Hans was the driving force behind the raising of 4RAR Commando/2Commando Regiment. I'm not sure if anyone in Australian SOCOMD circles has been held in higher regard.


Rest Ye, Oh warrior,
you'll battle no more,
no Longer To Live The Horrors Of War
Your Duty Was Done
With Honour And Pride
Farewell Oh Brother
Until We March By Your Side.


----------



## tova (Apr 26, 2013)

RIP, Godspeed, PBS....


----------



## HALO99 (Apr 26, 2013)

Rest in Peace.


----------



## RackMaster (Apr 26, 2013)

RIP.


----------



## SkrewzLoose (Apr 26, 2013)

RIP Warrior.


----------



## Gypsy (Apr 26, 2013)

RIP.  Sounds like an incredible Soldier and man.


----------



## Copenhagen (Apr 26, 2013)

Rest In Peace, Mr.
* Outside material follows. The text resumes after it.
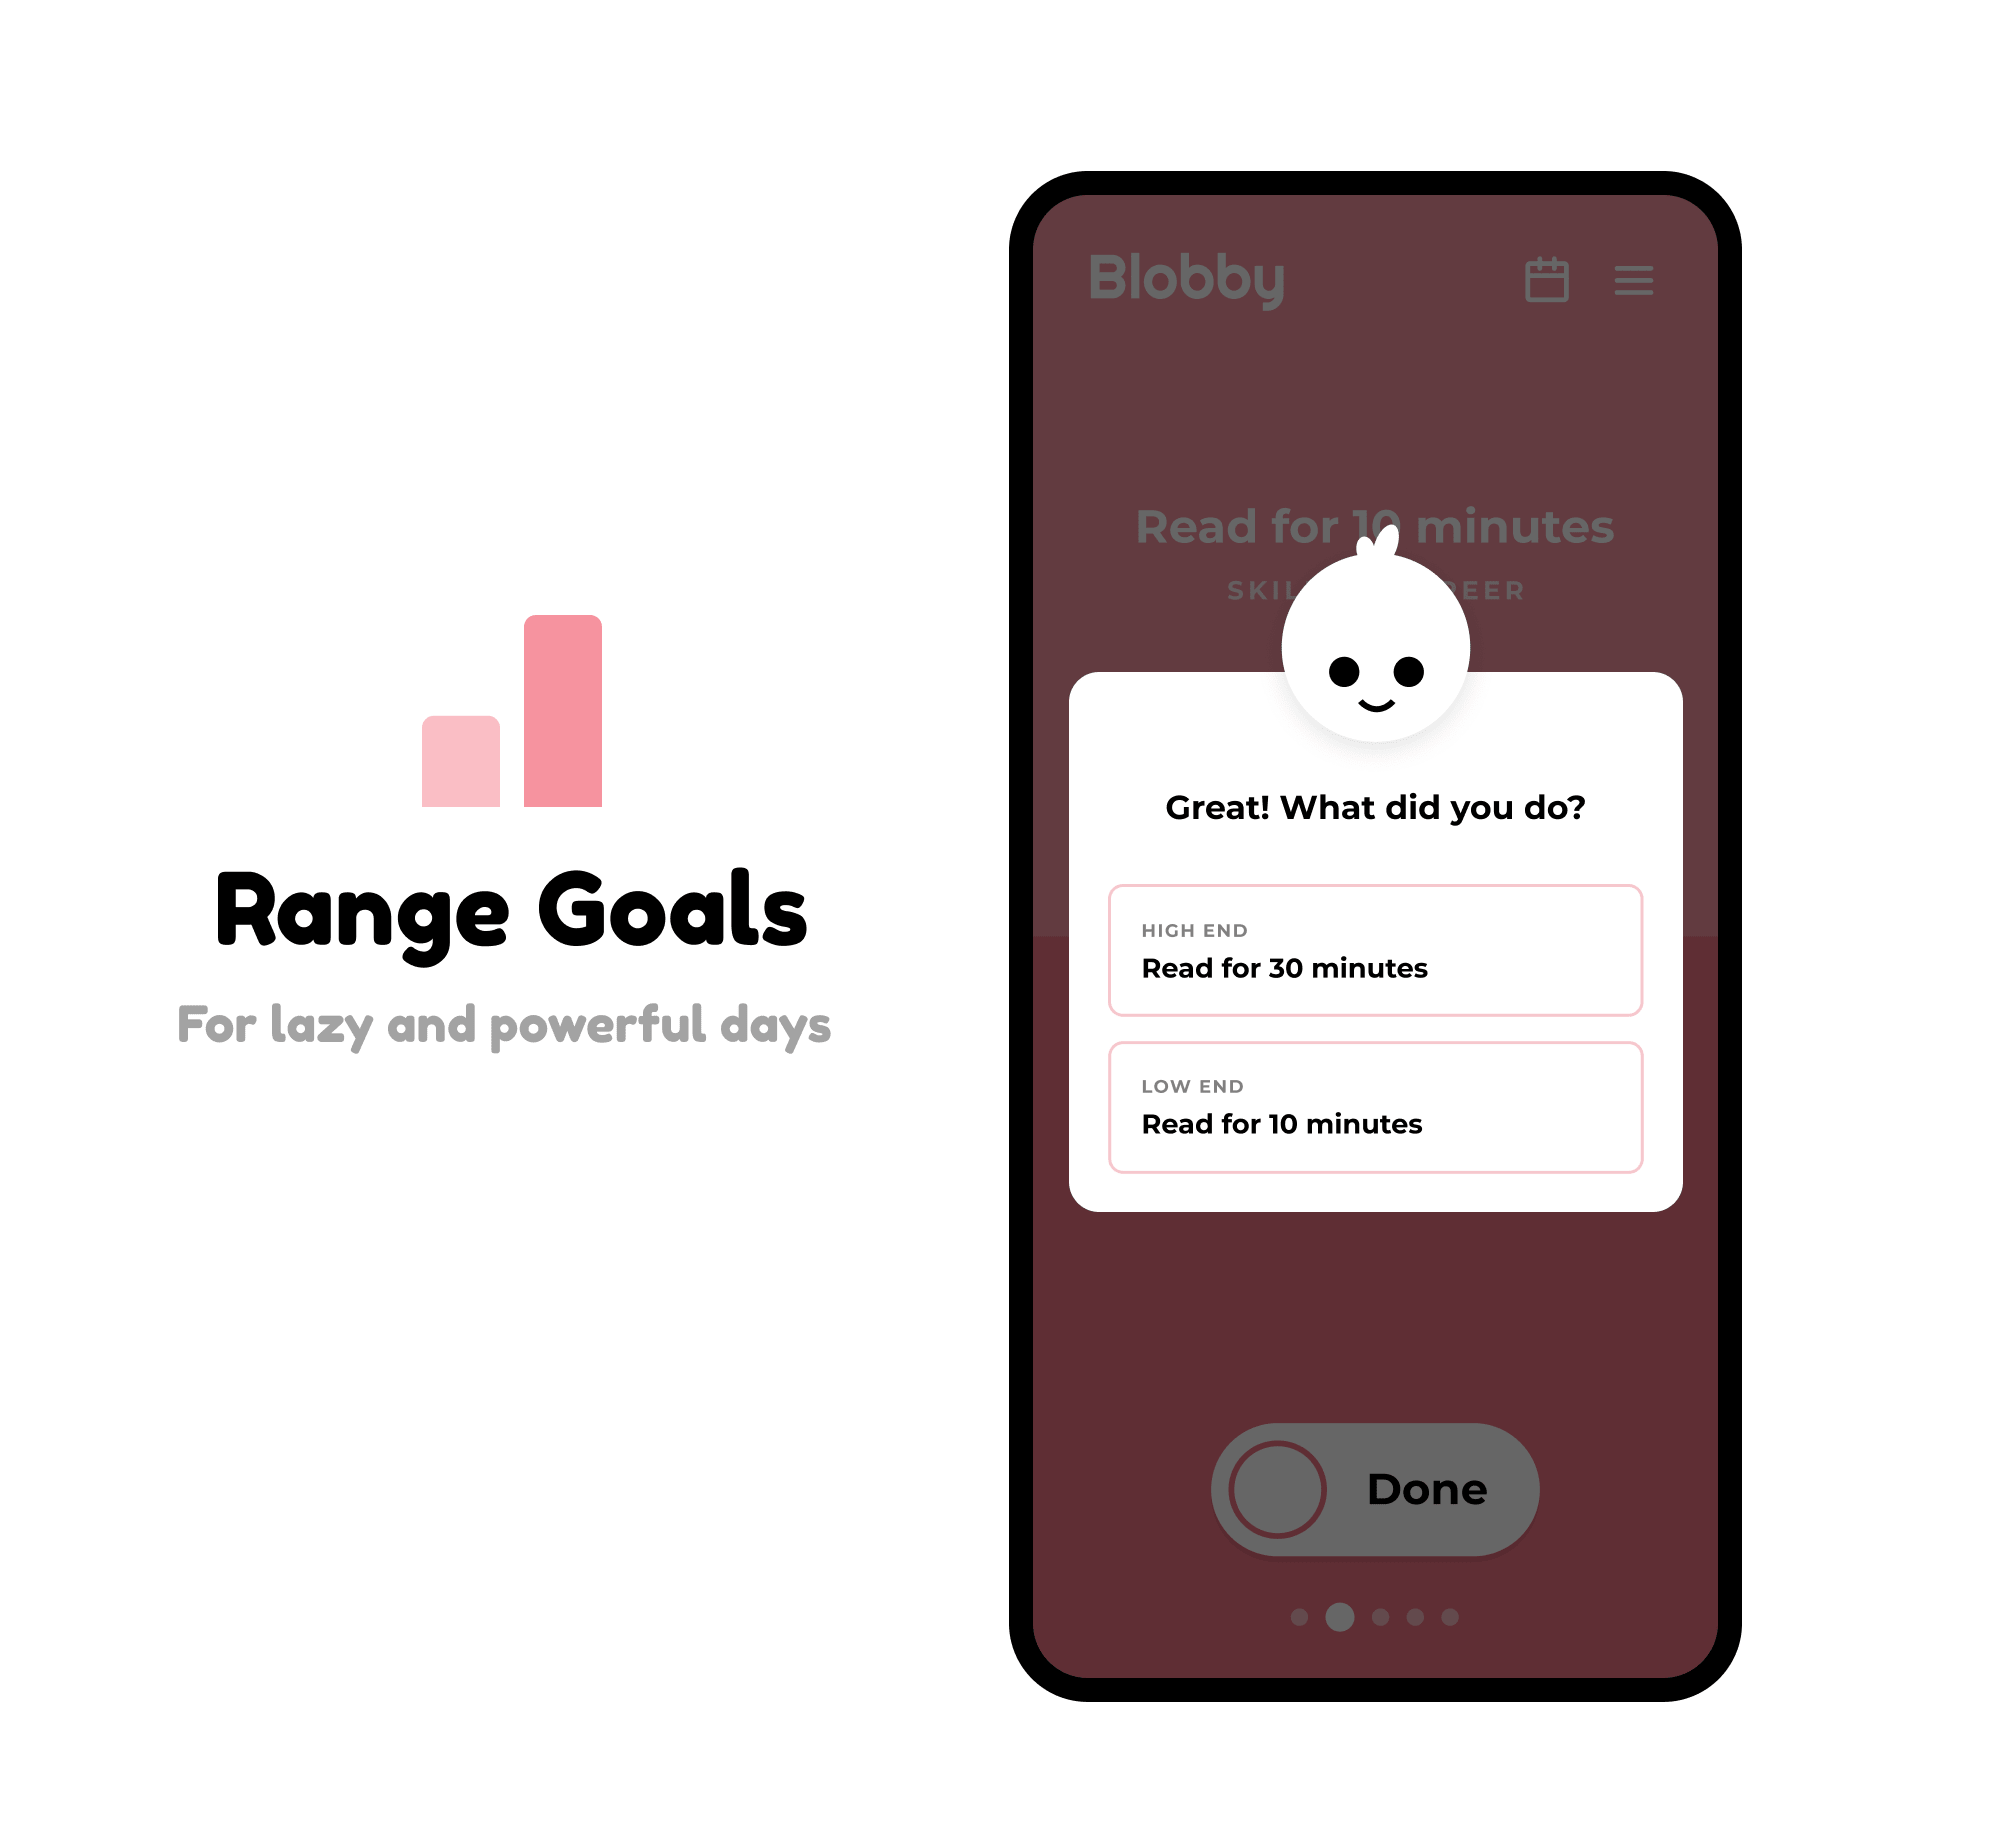 Range Goals - Define a challenge and a baseline goal.

Fleer.


----------



## ProPatria (Apr 26, 2013)

Rest in Peace.


----------



## TheSiatonist (Apr 26, 2013)

Rest easy, Mr. Fleer.


----------



## Rapid (Apr 29, 2013)

RIP, Hans.


----------



## Crusader74 (Apr 29, 2013)

RIP Warrior.


----------



## Dame (Apr 29, 2013)

Rest in peace.


----------



## KiwiRecce63B (Apr 30, 2013)

RIP


----------



## pardus (Apr 30, 2013)

RIP.

Lest We Forget


----------



## Red Flag 1 (Apr 30, 2013)

Rest In God's Peace, Mr Fleer.


----------



## 21C (May 1, 2013)

RIP Warrior, one hell of a bloke from all accounts.


----------



## Mac_NZ (May 1, 2013)

RIP Digger.


----------



## digrar (May 1, 2013)

Not a good time for the Regiment, an old RSM was killed over the weekend in a bike accident.


----------